WFLA-FM
- Midway, Florida; United States;
- Broadcast area: Tallahassee metropolitan area
- Frequency: 100.7 MHz
- Branding: 100.7 WFLA

Programming
- Format: News/talk
- Network: Fox News Radio
- Affiliations: Compass Media Networks; Premiere Networks; Westwood One;

Ownership
- Owner: iHeartMedia, Inc.; (iHM Licenses, LLC);
- Sister stations: WGMY; WTLY; WTNT-FM; WXSR;

History
- First air date: 1996
- Former call signs: WTPS (1991–1996); WJZT (1996–1999); WOKL (1999–2002); WBWT (2002–2006);
- Call sign meaning: Florida (shared with Tampa Bay sister station WFLA)

Technical information
- Licensing authority: FCC
- Facility ID: 5379
- Class: C3
- ERP: 11,500 watts
- HAAT: 149 meters (489 ft)
- Transmitter coordinates: 30°29′32.7″N 84°17′12.6″W﻿ / ﻿30.492417°N 84.286833°W

Links
- Public license information: Public file; LMS;
- Webcast: Listen live (via iHeartRadio)
- Website: wflafm.iheart.com

= WFLA-FM =

WFLA-FM (100.7 MHz) is a commercial radio station licensed to Midway, Florida, and serving the Tallahassee metropolitan area. It broadcasts a news/talk format and is owned by iHeartMedia, Inc. The studios and offices are on John Knox Road in Tallahassee.

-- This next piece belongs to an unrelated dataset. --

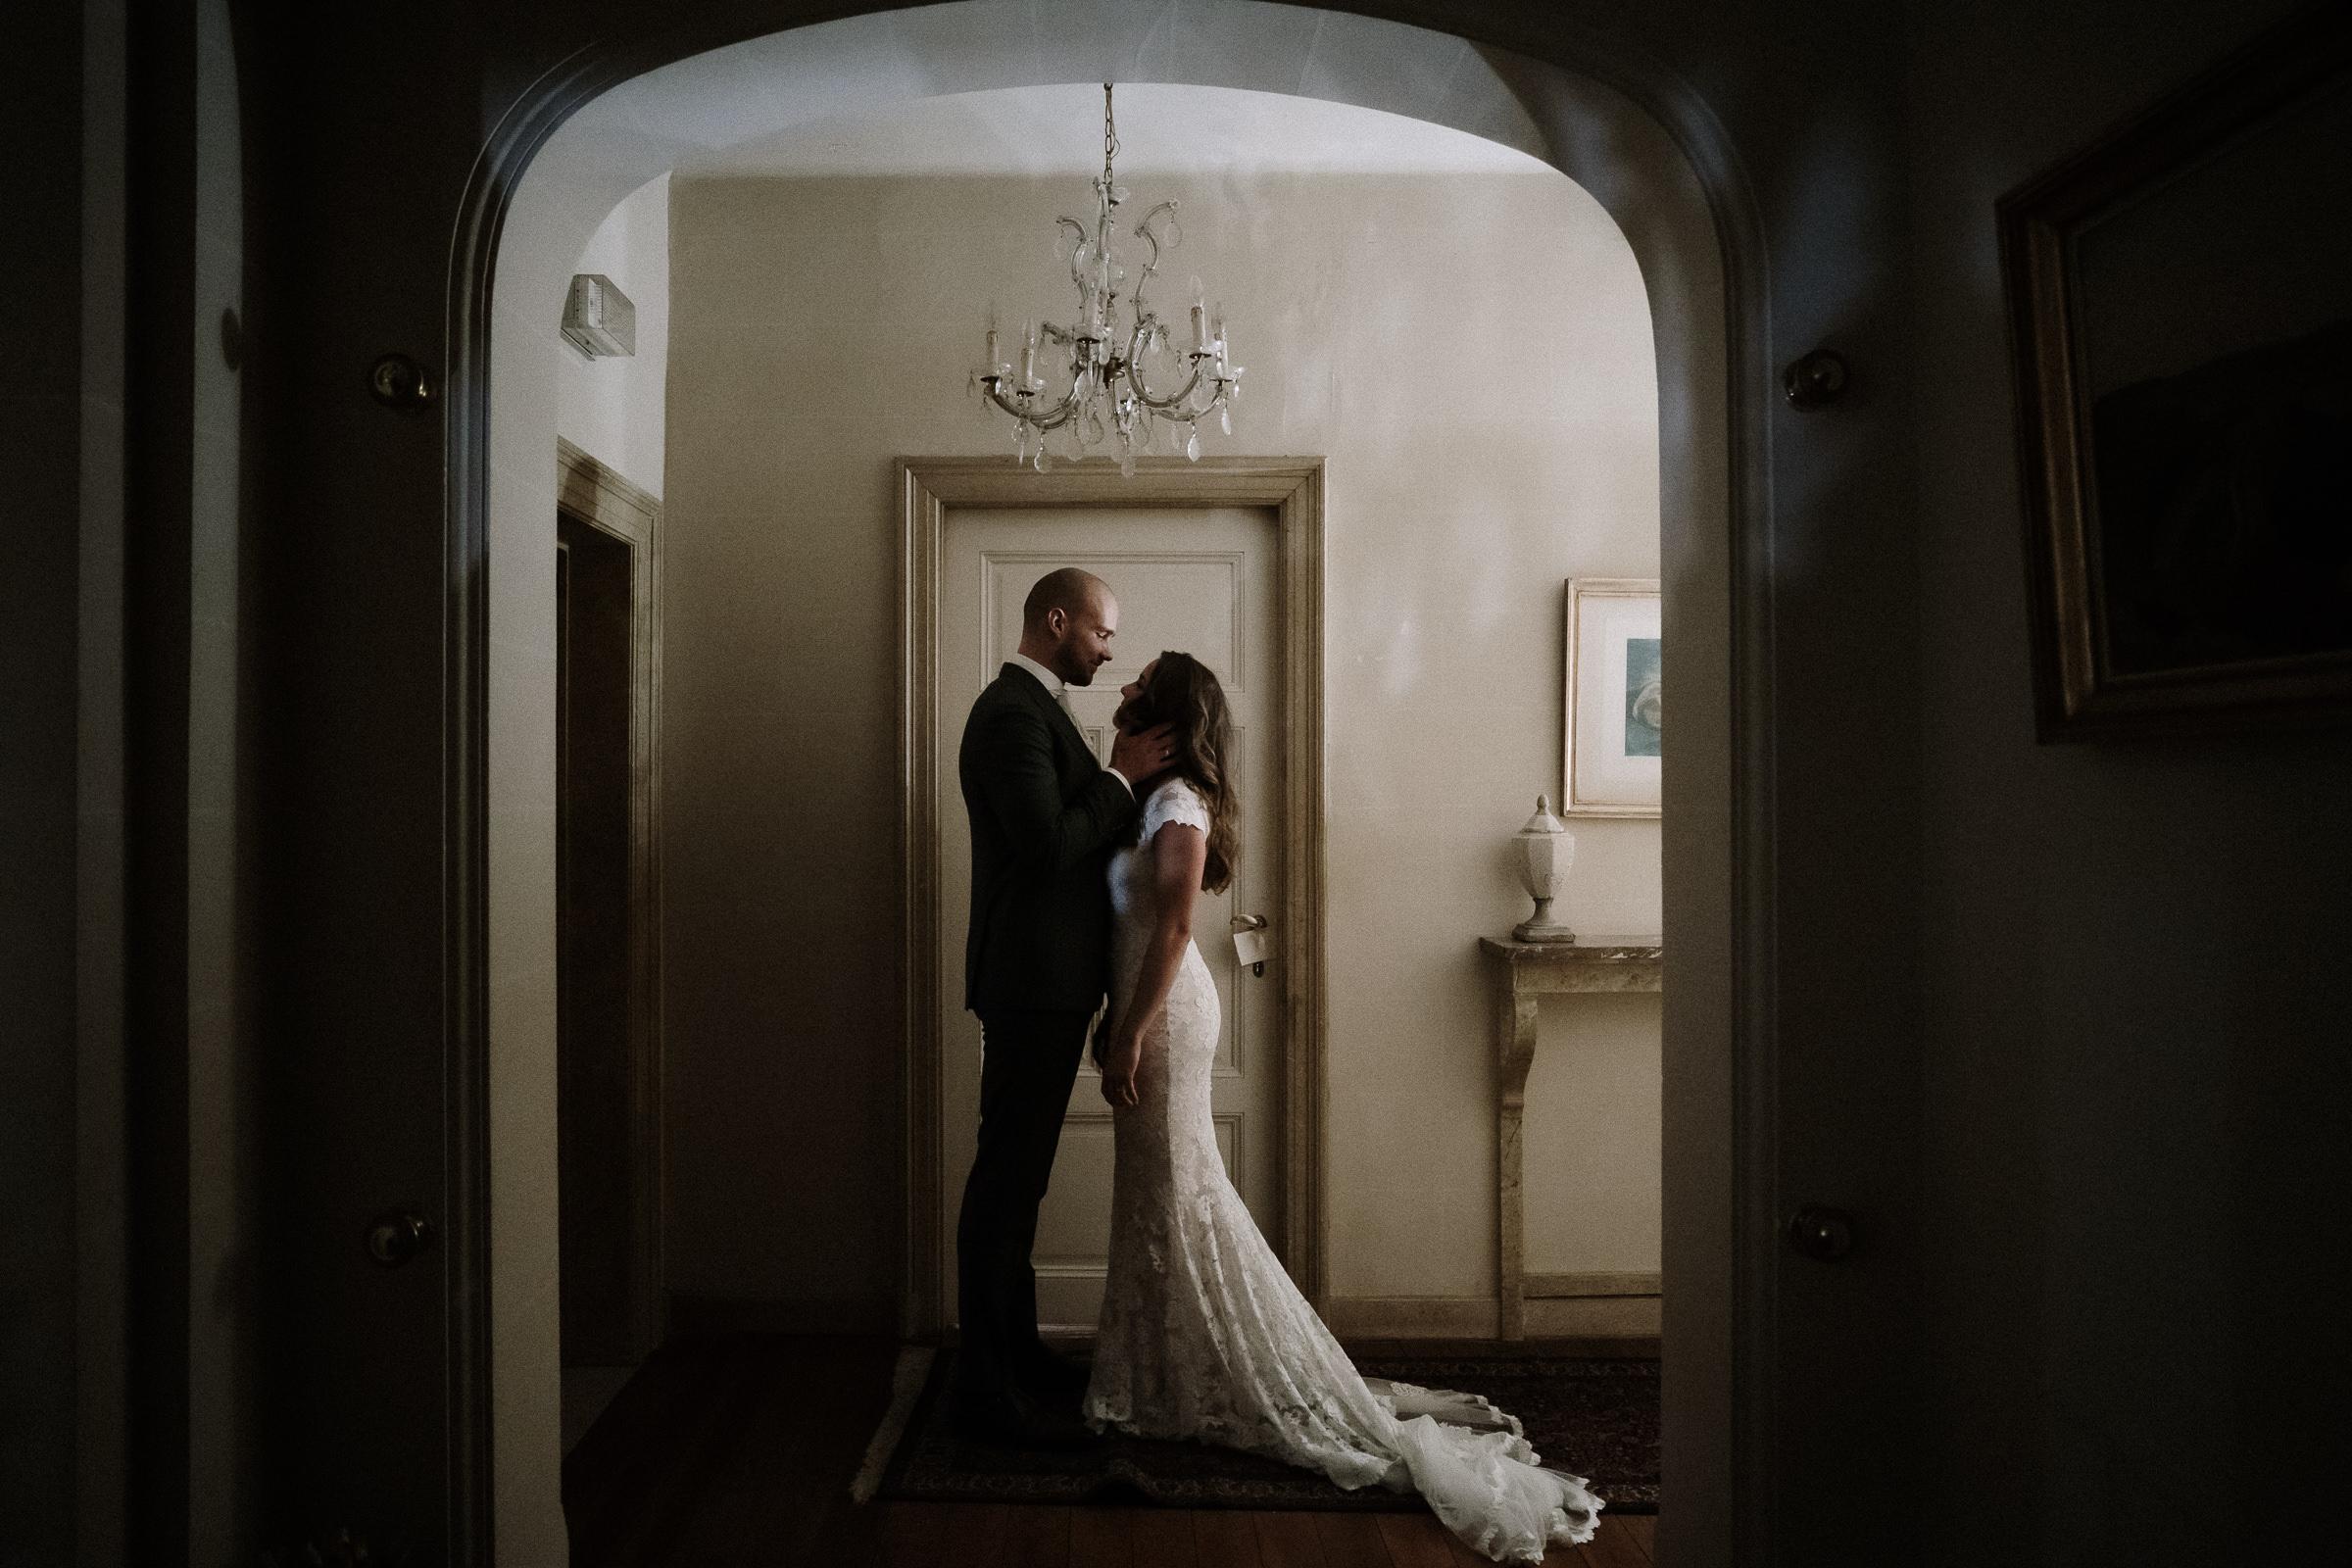 Profile of bride and groom in hallway - photo by Naomi van der Kraan

WFLA-FM has an effective radiated power (ERP) of 11,500 watts. The transmitter is on William Reeves Road near Interstate 10 in Tallahassee.

==Programming==
Weekdays on WFLA-FM begin with a local news and interview show hosted by Preston Scott. The rest of the weekday schedule is nationally syndicated talk shows, mostly from co-owned Premiere Networks: The Glenn Beck Radio Program, The Clay Travis and Buck Sexton Show, The Sean Hannity Show, The Mark Levin Show, The Ramsey Show with Dave Ramsey, Ground Zero with Clyde Lewis, Coast to Coast AM with George Noory and This Morning, America's First News with Gordon Deal.

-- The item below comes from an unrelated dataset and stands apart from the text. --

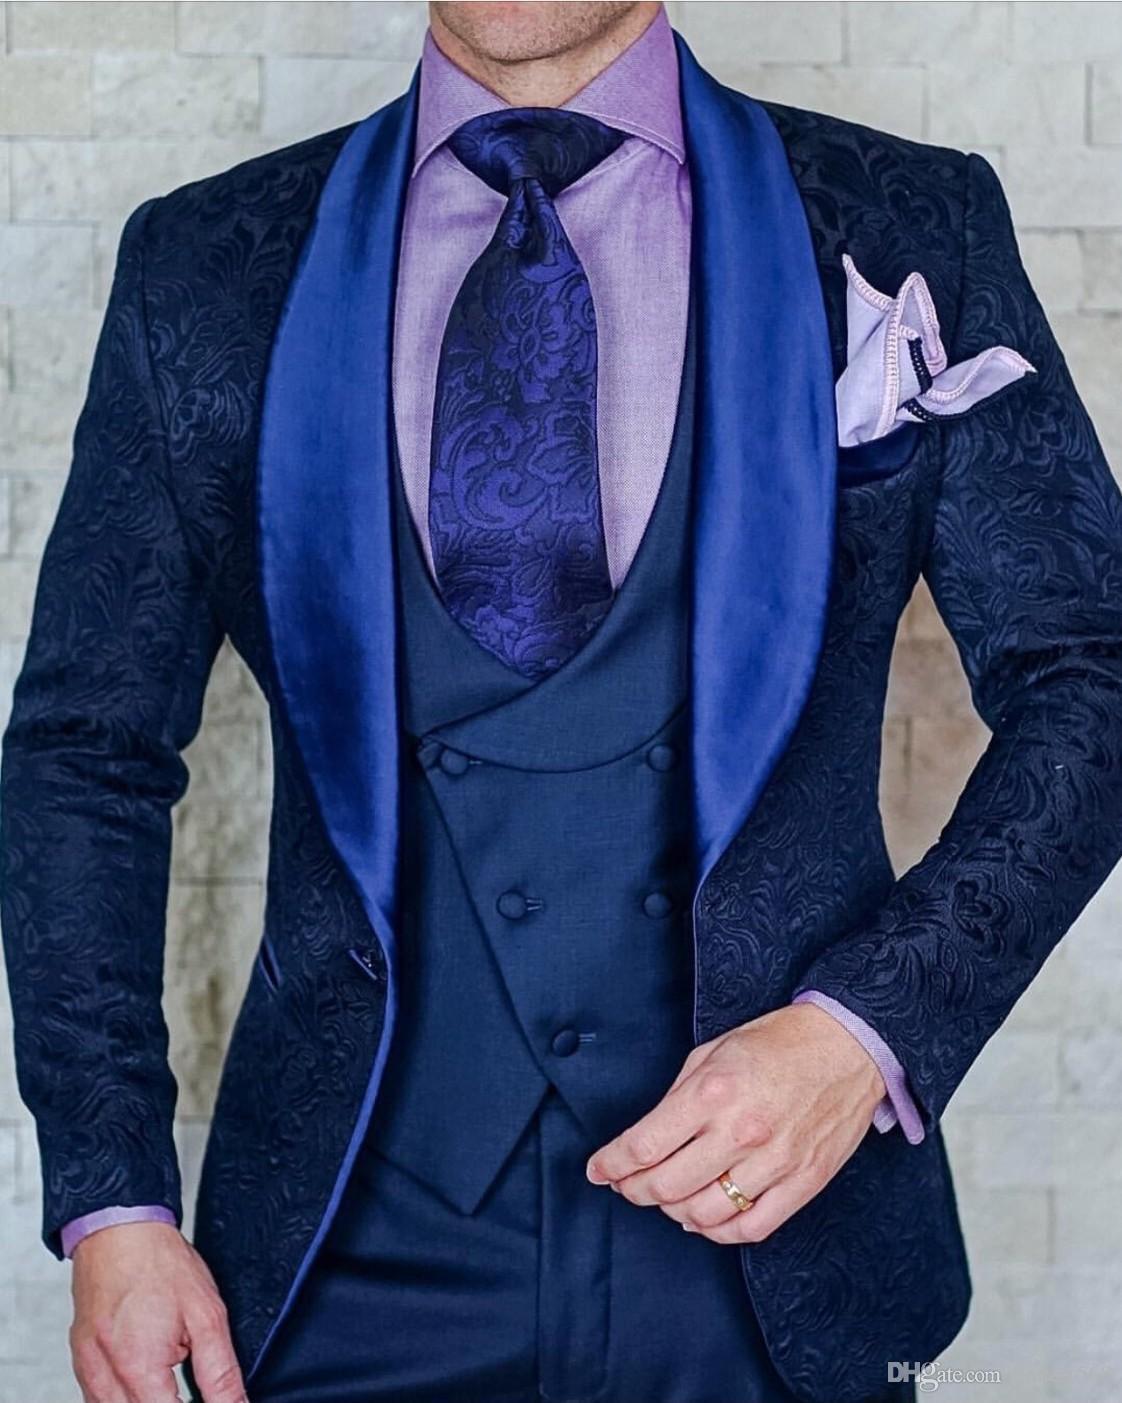 Bonito Gravando Padrinhos Xaile Lapela Do Noivo Smoking Ternos Dos Homens de Casamento / Baile / Jantar Melhor Homem Blazer (Jacket + Pants + Tie + Vest) 162

Weekends feature specialty shows on money, health, gardening and the outdoors, some of which are paid brokered programming. Syndicated weekend shows include Bill Handel on the Law, At Home with Gary Sullivan, Rich DeMuro on Tech, Armstrong & Getty, Sunday Night Live with Bill Cunningham and Somewhere in Time with Art Bell. Most hours begin with an update from Fox News Radio.

==History==
The construction permit for a new Tallahassee-area FM outlet was obtained from the Federal Communications Commission (FCC) in 1991. The unbuilt station was given the working call sign WTPS. When the station signed on in 1996, it took the call letters WJZT, to reflect its smooth jazz format and its Tallahassee location. The unbuilt station had been owned by Paxson Communications, headed by broadcasting executive and owner Bud Paxson. But it was sold to Clear Channel Communications in 1996, before it went on the air. Clear Channel was a forerunner to today's iHeartMedia.

After a year of smooth jazz, WJZT switched to a format of 1980s and 1990s hits. The station went through several formats and call sign changes over the next several years. It had an urban contemporary sound as WBWT until July 10, 2006. At that point, management decided to flip the format to talk radio, using the call letters of its sister station in Tampa Bay, WFLA, but adding the -FM suffix. WFLA-FM shares most of the nationally syndicated shows heard on WFLA, but it has its own morning drive time program.